### What to do
Would you copy, word for word, each line from the one with "Troy-Bilt 42052, 42051" to the end of the listing below, skipping all pictures?

### Material provided
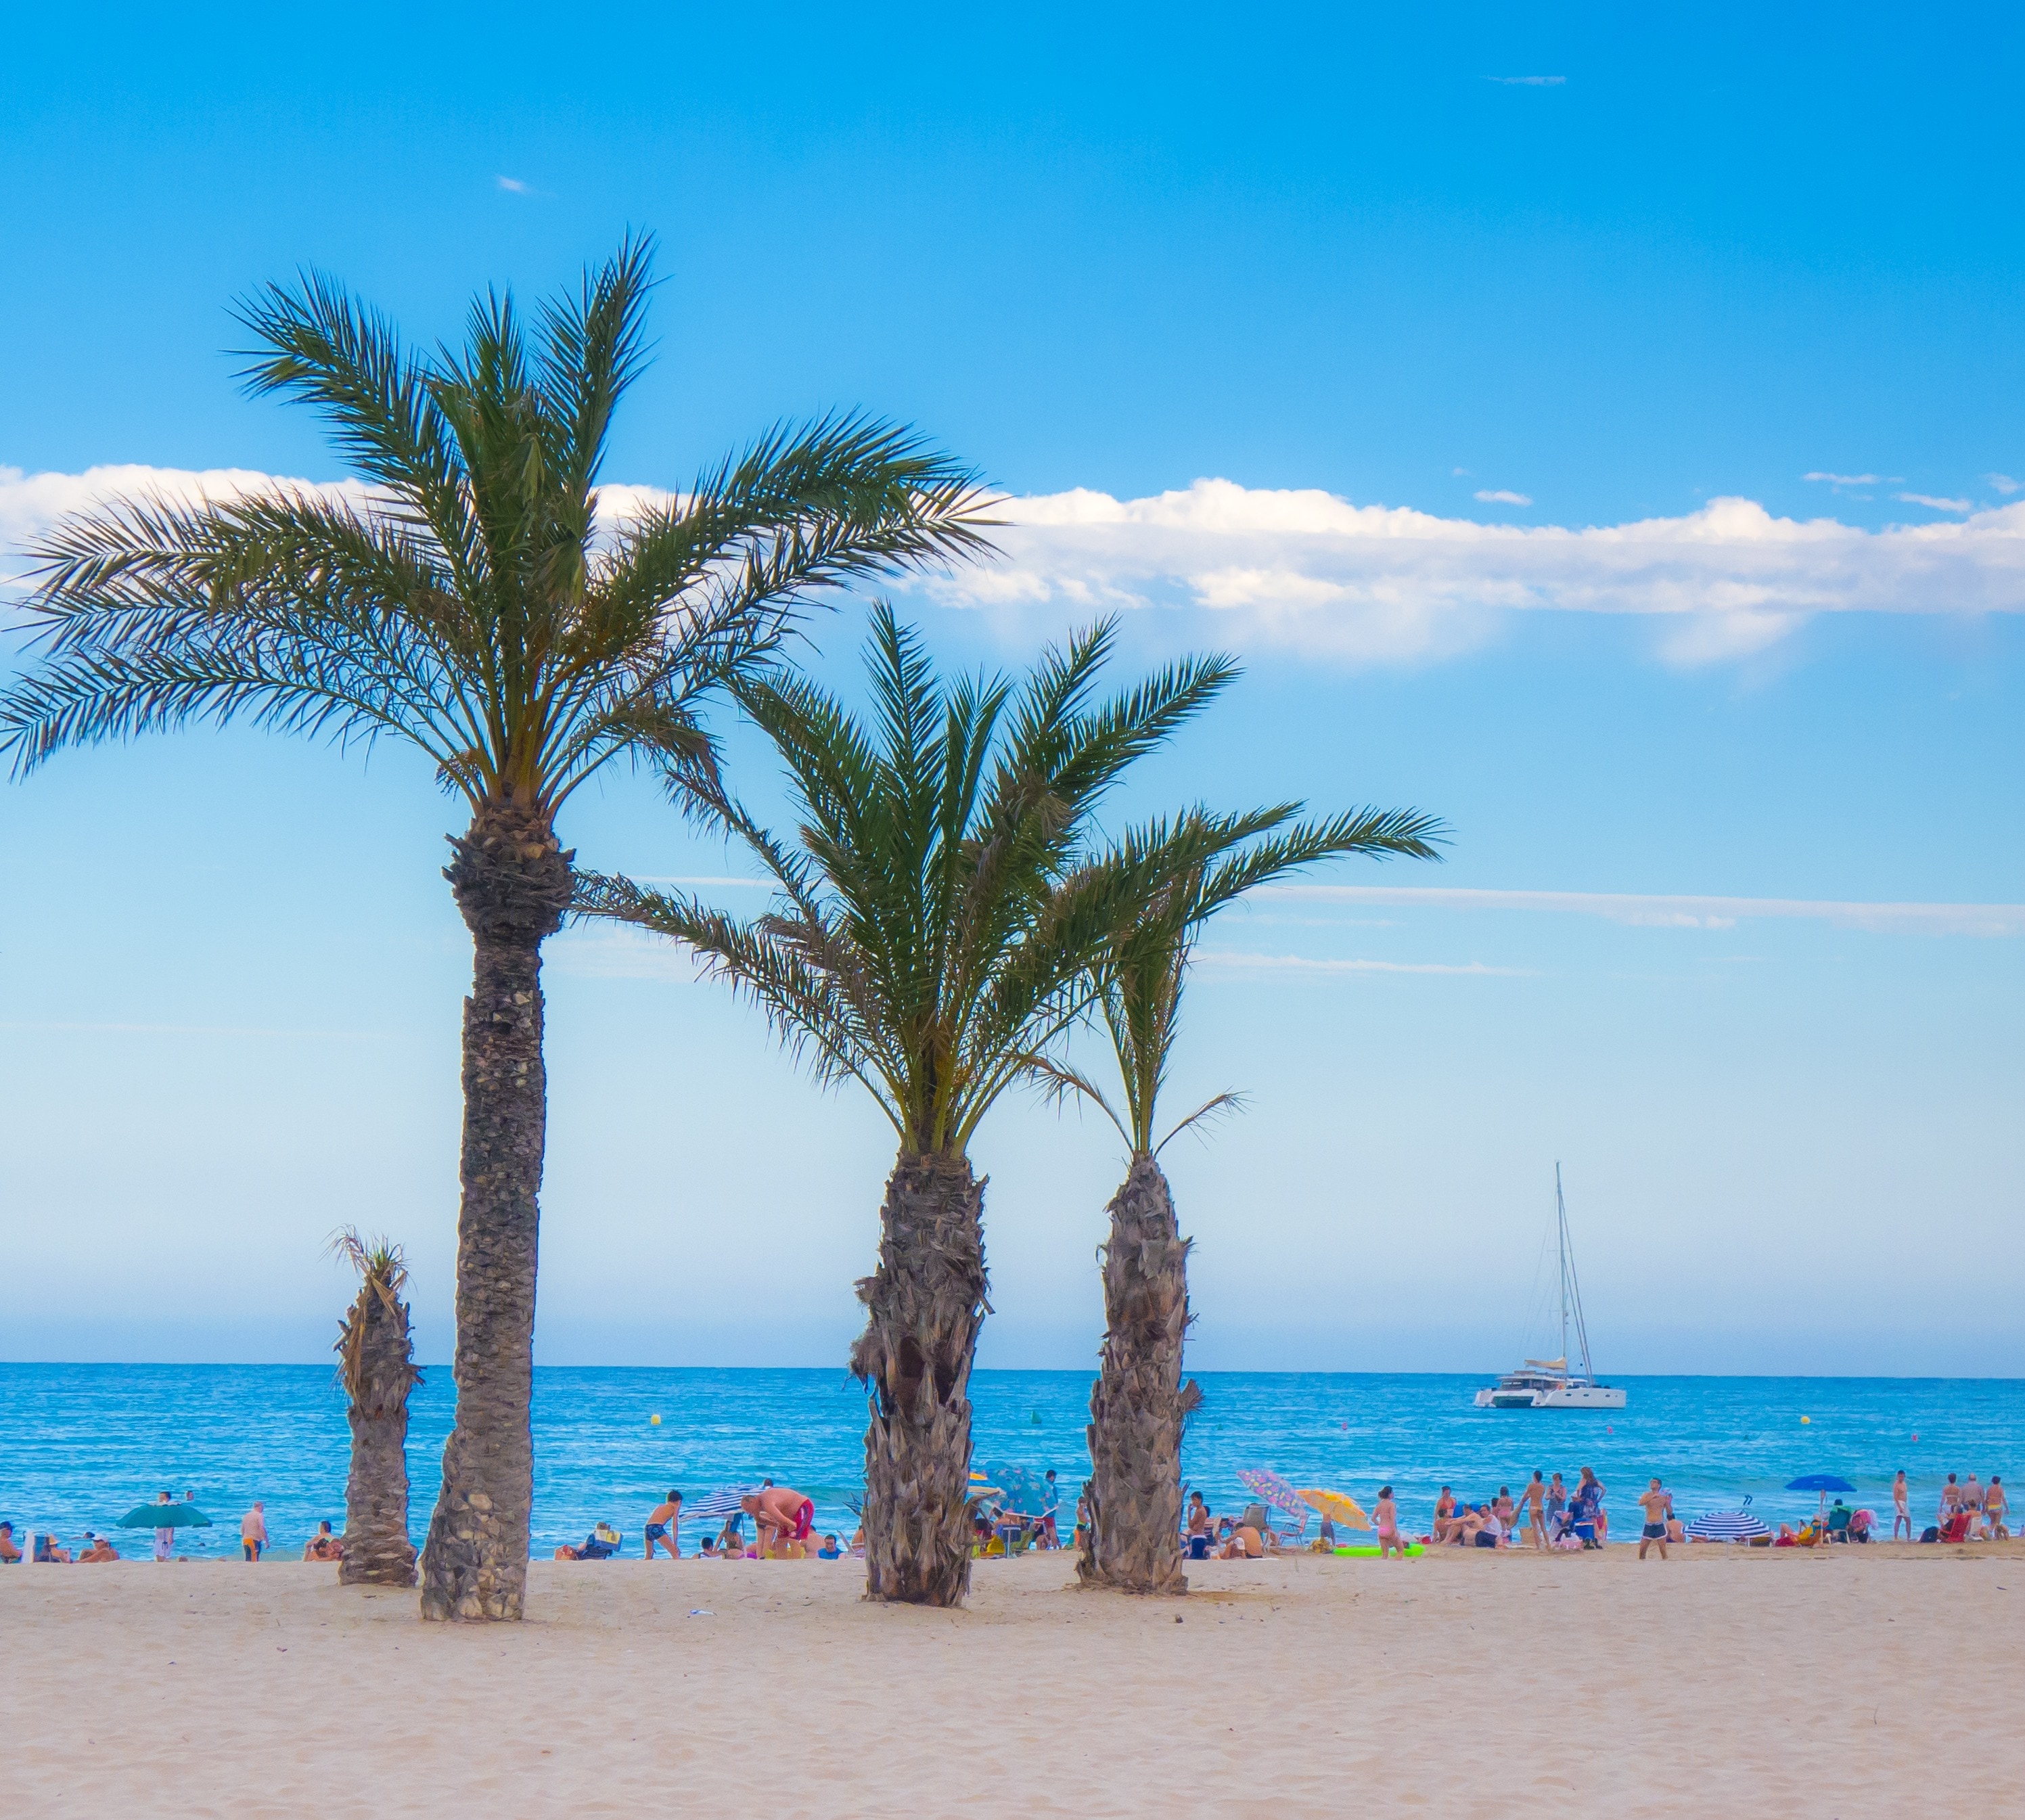 Beach, Palms, Sand, Holiday, Twilight, palm tree, beach
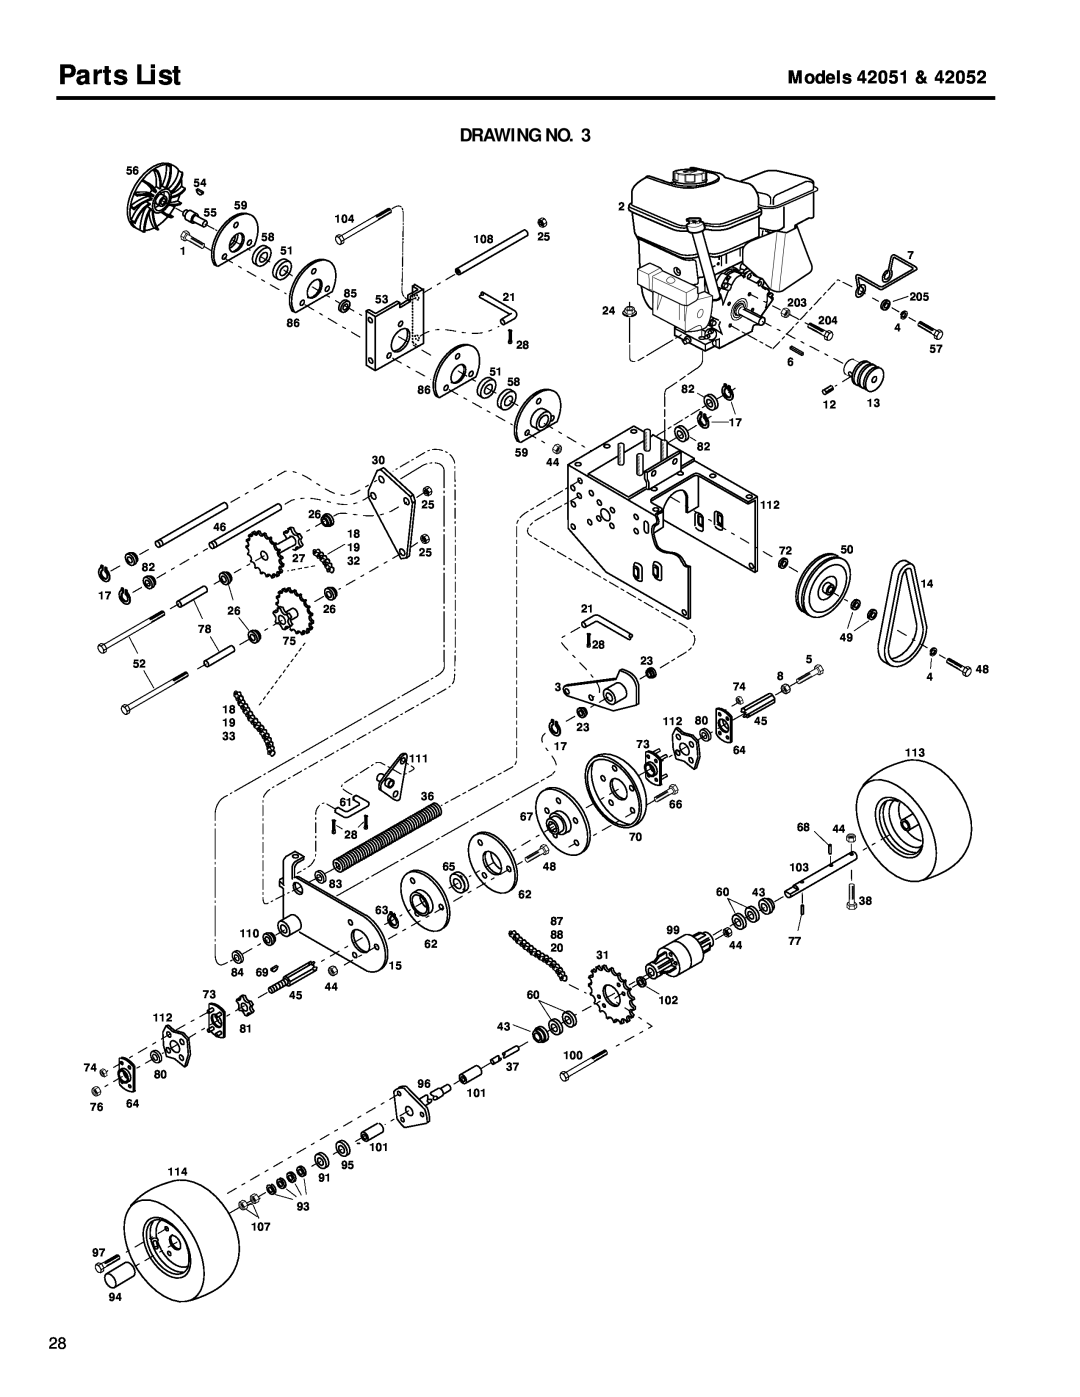 Troy-Bilt 42052, 42051 owner manual Parts List, Models, Drawing No 
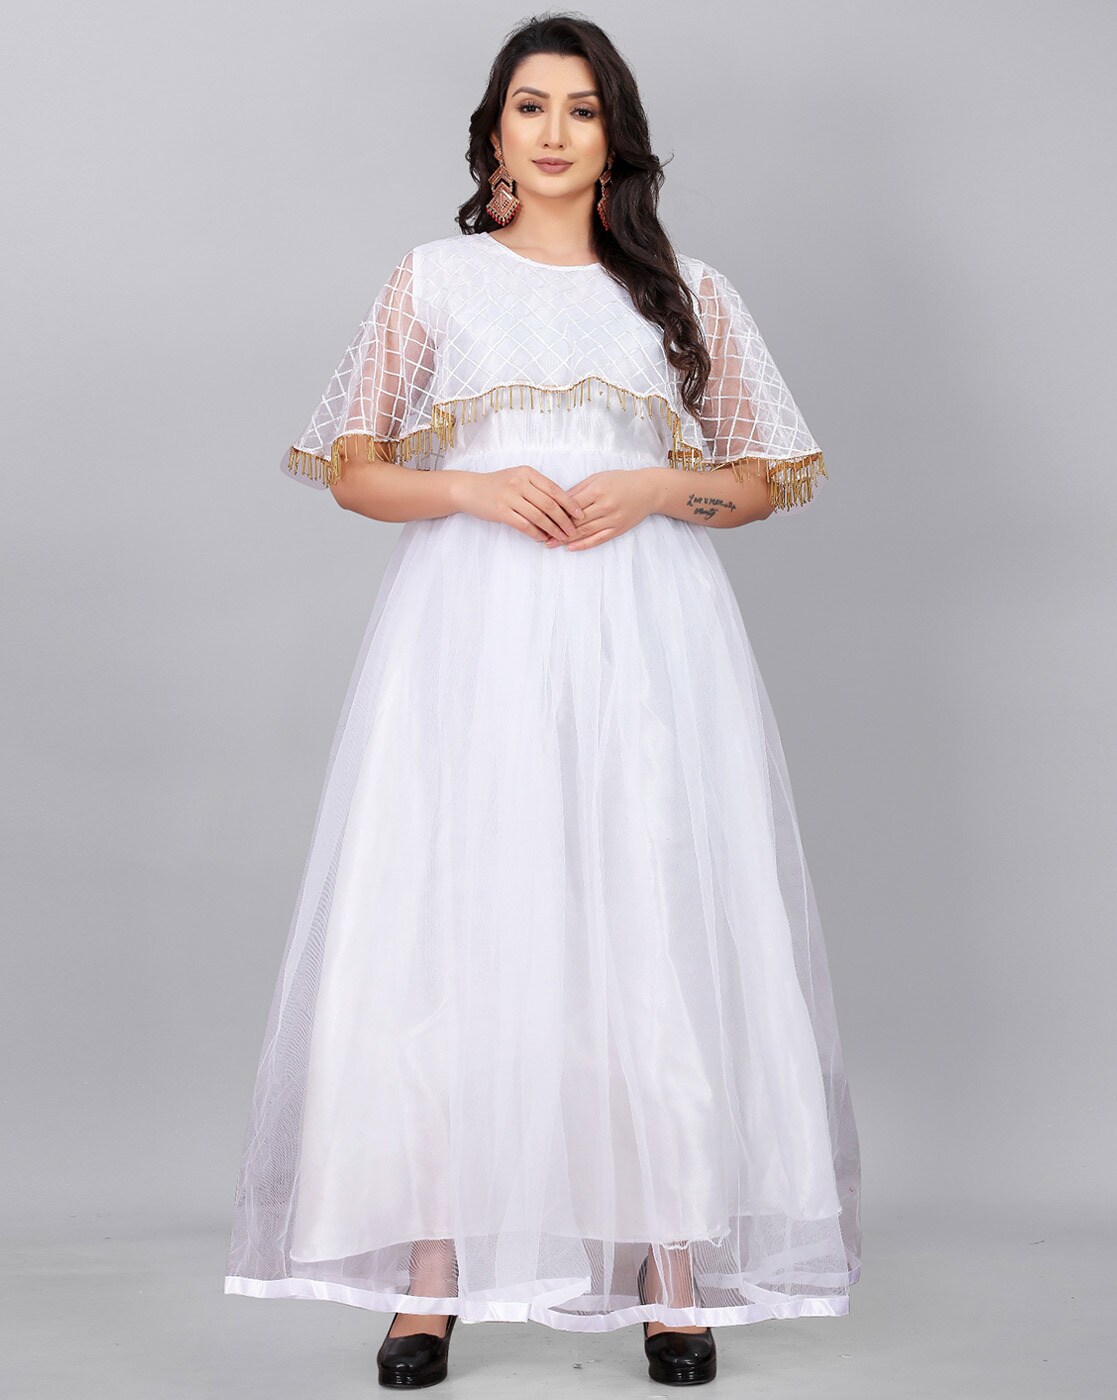 kids white luxury wedding dress bridal| Alibaba.com

### Task answer
 Troy-Bilt 42052, 42051 owner manual Parts List, Models, Drawing No 
 kids white luxury wedding dress bridal| Alibaba.com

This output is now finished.